Dia menatap Dewa Api yang masih bertarung dengan Azura yang beberapa kali berlari ke arah mereka dan hendak menyerang mereka menggunakan sihir air nya. Tetapi, dengan cepat Dewa Api menghentikan serangan Azura. Dari jarak ini, dia bisa melihat kobaran api yang besar serta gelombang air bagaikan ombak besar di pantai. Pertarungan yang mungkin tidak bisa di menangkan oleh api karena api akan mati jika terkena air.
"Apa…Dewa Api akan baik-baik saja bertarung sendirian dengan wanita itu?" tanya Near kepada Winter yang langsung menolehkan kepalanya ke arah pemuda 18 tahun yang duduk dengan kaku.

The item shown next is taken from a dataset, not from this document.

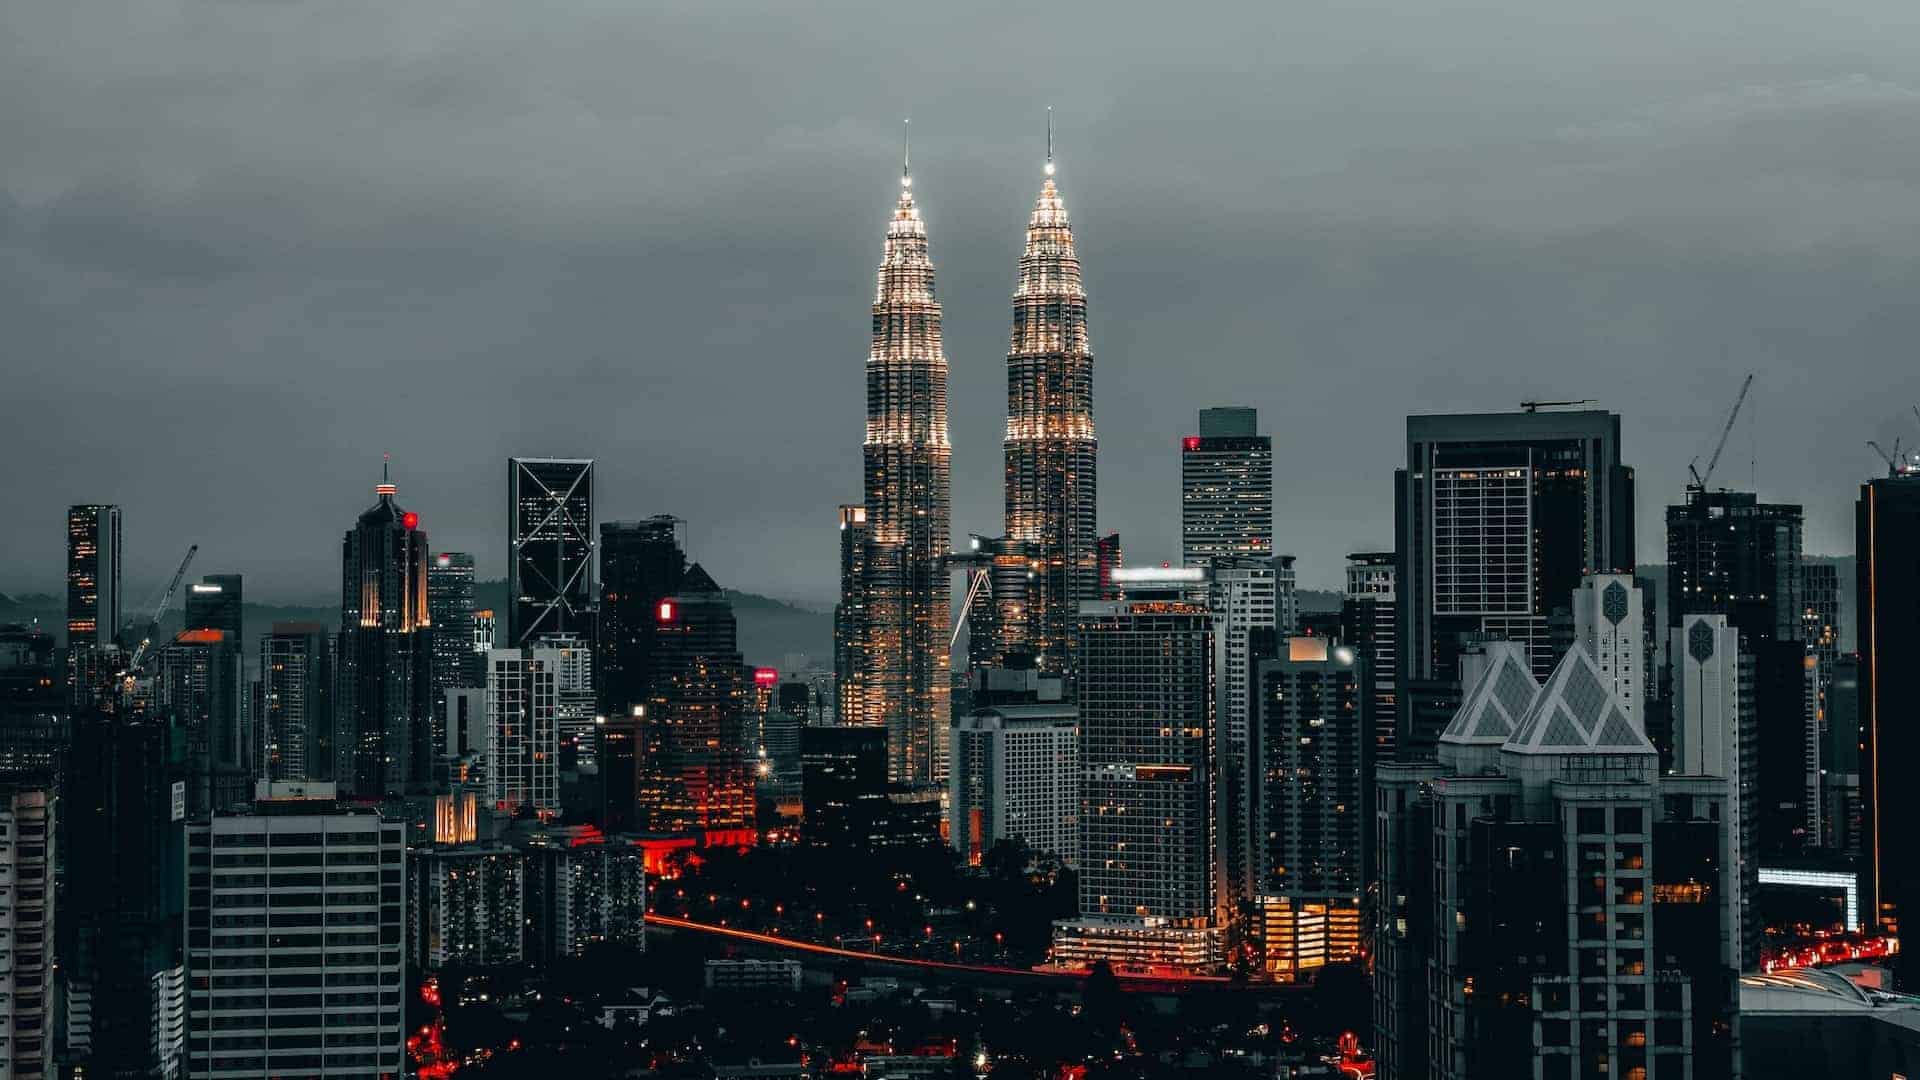 Kuala Lumpur towers at night, Malaysia

"Dia seorang dewa, jadi, dia pasti baik-baik saja" ucap Winter sambil memperhatikan sebuah ledakan besar yang ada di pinggir danau.
"KALIAN AKAN MATI! KALIAN INGAT ITU! PARA PENGKHIANAT MENJIJIKKAN ITU TIDAK AKAN PERNAH BISA MELINDUNGI KALIAN! KALIAN TIDAK AKAN PERNAH BISA MEMETIK BUNGA ITU! TERUTAMA KAU NEAR! TUNGGU SAJA! AKU AKAN MEMBUNUHMU!"
Seruan itu membuat keduanya terpaku. Mereka melihat Azura berada di pinggir dermaga dengan baju yang beberapa bagian terbakar karena terkena api milik Dewa Api. Tetapi, yang membuat mereka terpaku dan tidak bisa berkata apa-apa adalah ketika mereka melihat pedang besar itu menebas leher Azura sehingga kepala wanita itu terputus dari tubuhnya.
Winter melihat bagaimana api berkobar marah di sekitar tubuh Dewa Api sambil menatap dingin tubuh kaku Azura perlahan jatuh dan masuk ke dalam danau. Near tidak bergerak dari tempatnya ketika melihat sebuah bayangan besar mengerikan di bawah danau mulai mengoyak tubuh Azura dengan ganasnya.
Sepertinya, di balik danau yang indah ini, terdapat makhluk mengerikan yang sedang menunggu mereka terjatuh ke dalam air.